Kontrowersyjna ustawa wzbudziła na Ukrainie protesty opozycji i niepokój 175 tys. pracowników Naftogazu. Pomimo to 13 kwietnia Rada Najwyższa przyjęła dokument; wprowadziła jednak artykuł o zakazie prywatyzacji. Wcześniej władze planowały zachować tylko prawo do przekazania magistrali gazowych w dzierżawę. Tu zainteresowany był jeden - rosyjski Gazprom.
Teraz Rosjanom nie tylko zamknięto drogę do kontroli magistrali tranzytowych, ale także, w momencie podziału Naftogazu na spółki wydobywczą i transportową, ważność straci umowa na dostawy rosyjskiego gazu. Podpisały ją bowiem w 2009 r - Naftogaz i Gazprom.
Sytuację wymusił sam Gazprom. Wobec braku porozumienia z Moskwą o niższych cenach na kupowany gaz, Kijów poszedł na wariant konfrontacyjny. Likwidację koncernu, tłumaczy, podobnie jak władze litewskie likwidację Lietuvos Dujos - koniecznością wykonania obowiązków w ramach Europejskiej Wspólnoty Energetycznej. Przyjęty tam Trzeci Pakiet Energetyczny nakazuje rozdzielenie działalności przesyłowej od dostaw gazu. Naftogaz ma pięć zakładów przerobu gazu i ropy, sieć stacji benzynowych, wydobywa 90 proc. ropy i gazu Ukrainy. Kieruje magistralami tranzytowymi.
Naftogaz zostanie więc podzielony i zniknie z gospodarczego krajobrazu Ukrainy.

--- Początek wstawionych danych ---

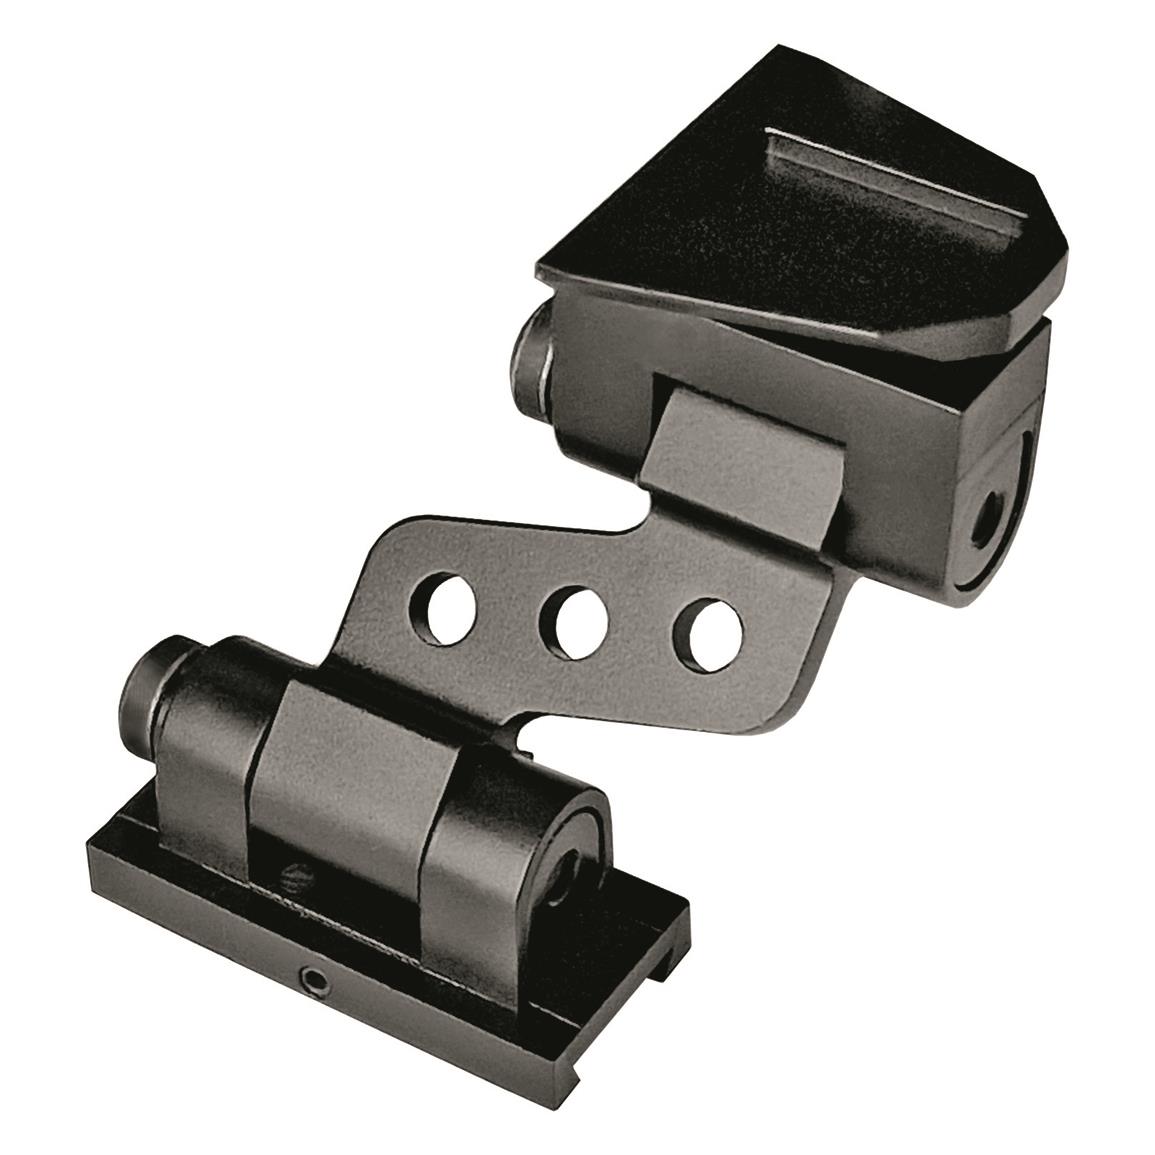 ATN J-Arm Dovetail Adapter for Odin LT Thermal Monocular

W lutym Rosjanie przedstawili w Kijowie propozycję udzielenia zniżki w wysokości 10 proc.. Ukraina płaciłaby wtedy 375 dol./1000 m3. Teraz cena za pierwszy kwartał to 416 dol.; w drugim i trzecim na wzrosnąć do 418 dol. a w ostatnim spaść do 413 dol..Ukraina chce płacić 230-250 dol.